▸ **ACTIVITY**: Starting at the line that contains "मजदूर दिवस की हार्दिक शुभकामनाएं!" and stopping at the line that contains "#internationalworkersday #workerappreciation #workers", transcribe every line of the material below exactly; pictures stay out.

▸ **GIVEN INFORMATION**:
Start of Block

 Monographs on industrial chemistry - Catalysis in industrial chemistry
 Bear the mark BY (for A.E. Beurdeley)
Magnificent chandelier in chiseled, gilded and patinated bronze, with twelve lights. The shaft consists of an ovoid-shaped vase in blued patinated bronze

End of Block
Start of Block

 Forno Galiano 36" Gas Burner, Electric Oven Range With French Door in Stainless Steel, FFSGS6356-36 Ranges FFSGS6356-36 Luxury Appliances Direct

End of Block
Start of Block

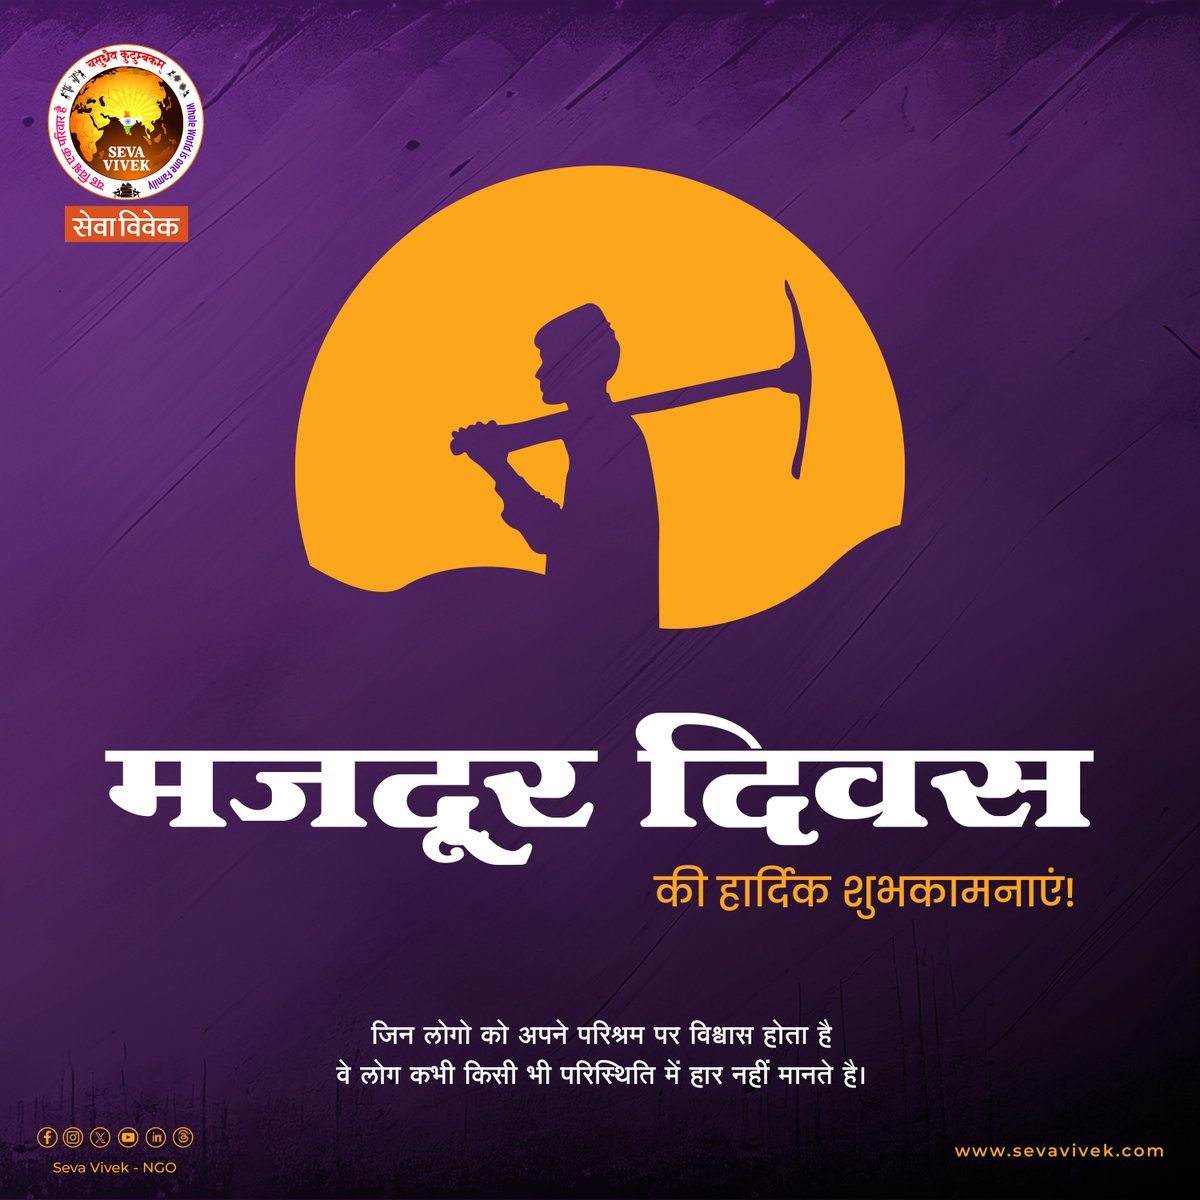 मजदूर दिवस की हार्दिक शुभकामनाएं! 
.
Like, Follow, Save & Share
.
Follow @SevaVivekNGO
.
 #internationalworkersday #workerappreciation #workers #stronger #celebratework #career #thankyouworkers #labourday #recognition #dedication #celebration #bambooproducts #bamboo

End of Block

▸ **TASK RESULT**:
 मजदूर दिवस की हार्दिक शुभकामनाएं! 
.
Like, Follow, Save & Share
.
Follow @SevaVivekNGO
.
 #internationalworkersday #workerappreciation #workers #stronger #celebratework #career #thankyouworkers #labourday #recognition #dedication #celebration #bambooproducts #bamboo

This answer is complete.